Reengaging with the ethic of environmental stewardship to guide conservation funding for private land

The Government recently tabled its State of the Environment Report 2016 Overview in Parliament. The Overview reinforces the continued need for private land to deliver biodiversity conservation outcomes. While our national parks and other public lands are generally considered the focal point for conservation efforts, it is formally acknowledged that public land in isolation is not enough to achieve a comprehensive and representative National Reserve System. In this post, Drs Benjamin Cooke and Katie Moon explore opportunities to improve policy outcomes through re-engagement with the ethic of environmental stewardship.


Environmental stewardship

Policies aimed at encouraging private landholders to contribute to conservation goals have embraced the ethic of environmental stewardship. The core assumption of stewardship is that landholding involves a responsibility to current and future generations to care for the environment.

Landcare has long been the most prominent and recognisable Australian environmental stewardship program focused on private land. Landcare represents a model of community collaboration that seeks to encourage cooperation between landholders on land management problems of local relevance.

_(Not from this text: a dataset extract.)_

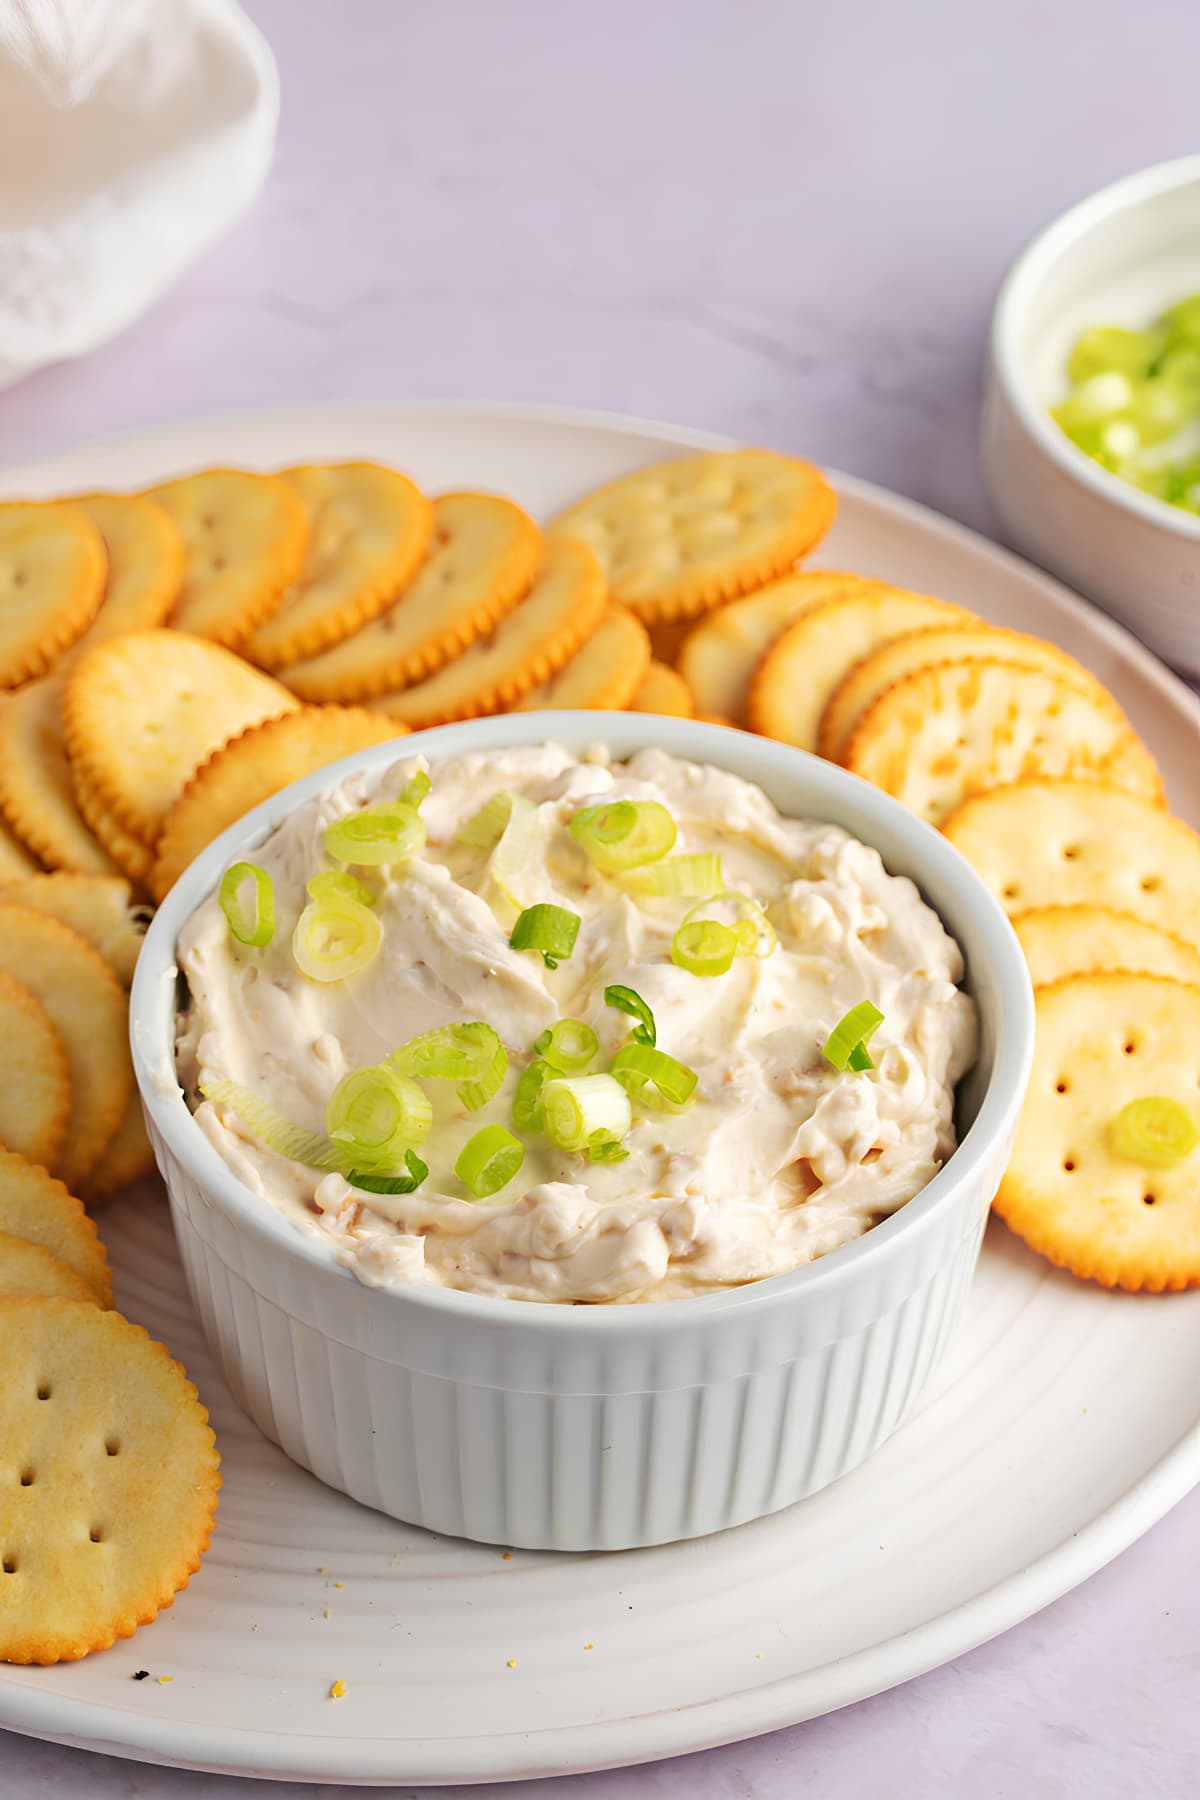 Homemade Clam Dip Topped with Onions Served with Biscuits

Examples of problems include weed management, revegetation and erosion control. Yet, a policy shift towards market mechanisms, otherwise known as neoliberal environmental governance arrangements, has resulted in funding moving away from collective action initiatives, like Landcare, towards individualised conservation contracts for individual properties.

While increasingly normalised neoliberal programs (e.g. reverse auction tenders) appear to be delivering on a) private needs, such as providing funds to fence off a conservation area; and b) property level conservation benefits, such as erosion control, the extent to which they deliver public good conservation outcomes remains unknown.

The public good dimension of stewardship is important to account for because it essentially encapsulates the well-established ethical notion of being an ecologically and socially responsible custodian of the land for the good of both people and ecosystems into the future. If conservation policy is to deploy the language and ethic of stewardship, then it must do more to balance the current focus on individual landholders and properties with attention to collective actions and species’ interaction at wider scales and over longer time frames.

Some ways forward for private land conservation policy

What is missing from neoliberal ‘environmental stewardship’ programs is clear consideration of the public good dimension, appropriate spatial and temporal scales, and transparency. We provide a handful of suggestions to direct policies and programs back towards a more accurate conception of stewardship to increase the longevity of conservation outcomes and reduce the likelihood of social and ecological fragmentation.

We offer a definition of environmental stewardship that unpacks the public good for private land conservation:

the responsible provision of private good benefits to landholders for the delivery of long term public good ecological benefits to society that are sensitive to the landscape scale of ecosystem function, while encouraging collaborative conservation action across private property boundaries(Cooke and Moon 2015 p155).

We see a direct role for this definition in challenging private land conservation programs that are not attentive to socio-ecological complexity and collective action.

We suggest that programs be designed with sensitivity to the scale of ecological function, rather than offer contracts with individual property owners as their focal point, so that instead they seek to enrol multiple properties into a collective conservation effort defined by the scale of a given ecology.

Moreover, specific conservation actions that revolve around cross-boundary conservation efforts and social learning should be highly valued and rewarded by any criteria used to assess bids for conservation funding (e.g. the Desert Uplands Landscape Linkages Program).

Finally, programs that have a clearer framing of the public good should also seek to make outcomes more transparent.

When government monies are being invested in private land conservation, taxpayers typically expect some kind of demonstrable outcome. Outcomes could include social and ecological measures, and could extend to providing participants with more opportunities to share their conservation work with a wider public.

The rise of technologies for supporting citizen science that enable image and video sharing demonstrate a clear avenue for making conservation benefits more visible to the community.  Thinking about how long-term and large-scale benefits can be delivered also means acknowledging that there are times when MBIs should be avoided - not all public good activities can or should be stimulated through incentives.

These suggestions reflect the pragmatic need to make effective use of scant public investment in conservation, whilst recognising that our conception of stewardship will require policy that challenges neoliberal assumptions.


Dr Benjamin Cooke is a Lecturer in Sustainability & Urban Planning in the School of Global, Urban & Social Studies at RMIT.  Dr Katie Moon is a Post Doctoral Research Fellow at the University of New South Wales, Canberra.